Lebendig ist der fühlende Mensch, der, der sein Herz spürt und der vom Herzen her lebt. Aber nicht vom verklärten, vom transzendierten oder wie auch immer metamorphorisierten Herzen her, nein, vom unmittelbar im Leib empfundenen, immer “anwesend seienden” Herzen, vom gespürten Herzen.
In solch einem Herzen läßt sich durch Übung eine Entwicklung feststellen, die zur Liebe führt, zur empfundenen Liebe und das ist es was Christus vermitteln wollte. Liebt und tut was ihr wollt. Warum kann er, warum können wir so sprechen?
Wer vom Herzen her liebt, der benötigt keinen kategorischen Imperativ Kants.
Wer vom Herzen her liebt, der benötigt die Auffoderung des Dalai Lamas nicht, über das Mitgefühl eine neue Weltethik zu entwickeln.
Wer vom Herzen her liebt benötigt keine Religion, keinen Pabst, keinen politischen Führer und keinen obersten Gott, keinen allein selig machenden Gott.

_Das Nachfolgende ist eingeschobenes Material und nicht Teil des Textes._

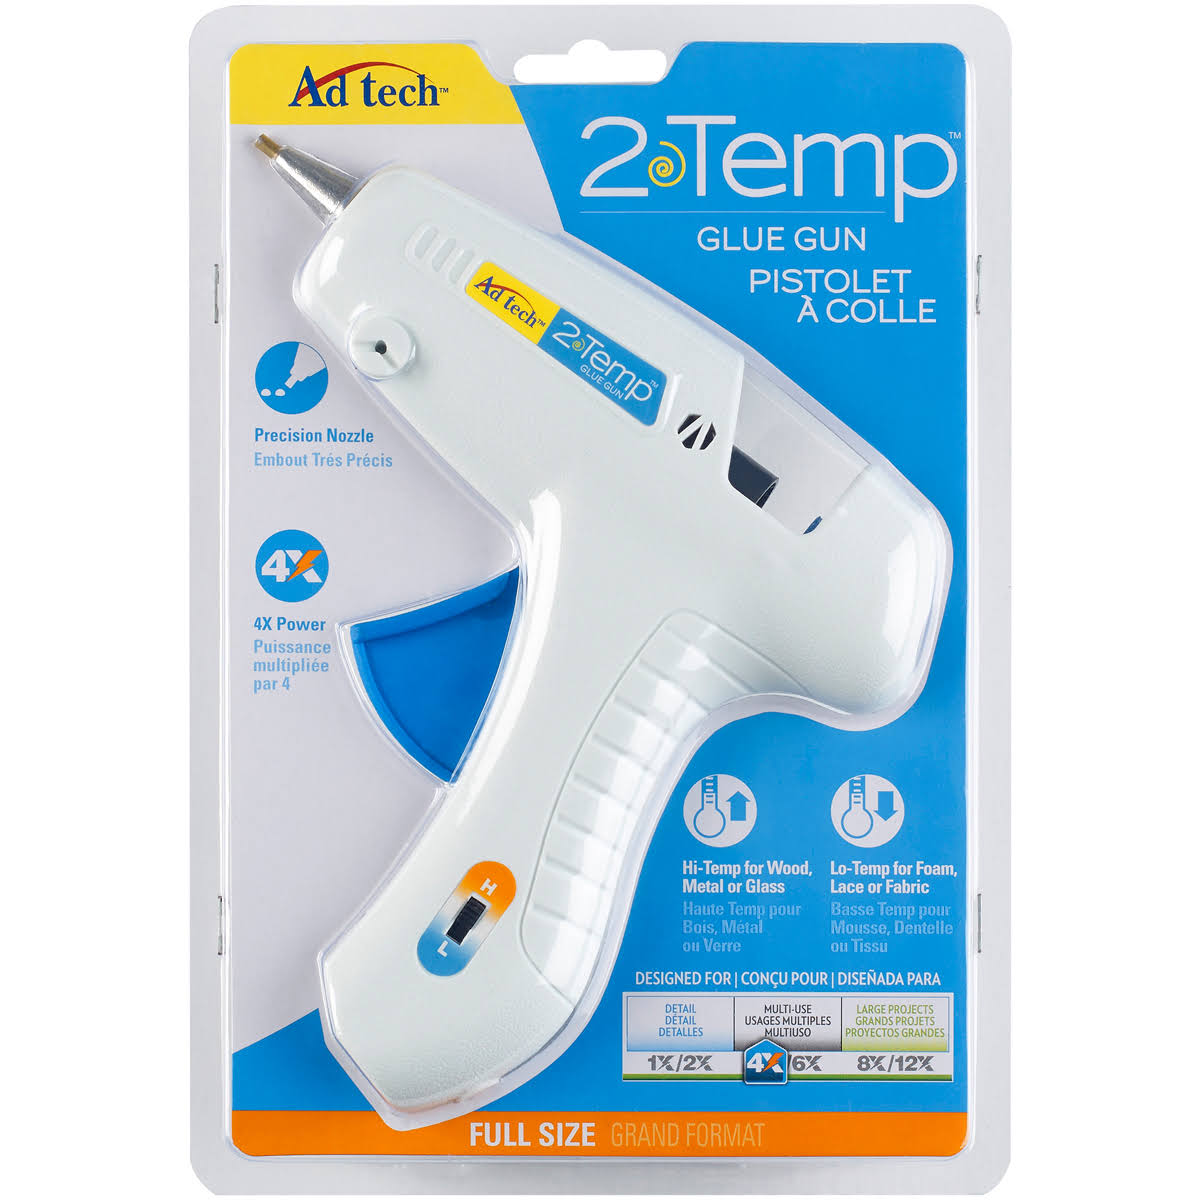 Ad Tech Two-Temperature Cordless Glue Gun

Wer vom Herzen her liebt ist in der Liebe. Er braucht keine Frau und keinen Mann, kein Kind und kein Internet. Er ist in der Liebe und will diese Liebe verströmen, weil das die Liebe im Herzen so an sich hat. Sie ist wie der globale Wasserstrom, den die Erde mit 2000 km/h mit sich zieht, so zieht das Herz alles mit sich, was liebt.
Und so wie die Energie wieder zu uns kommt, zu den Kelten, so beginnen unsere Herzen zu strahlen. Jeder Schmerz im Körper, jeder Schmerz im Herzen wartet darauf gespürt zu werden und wartet darauf verwandelt zu werden in Wärme, in Weite, in Liebe und Freiheit. Das ist die Botschaft Christi.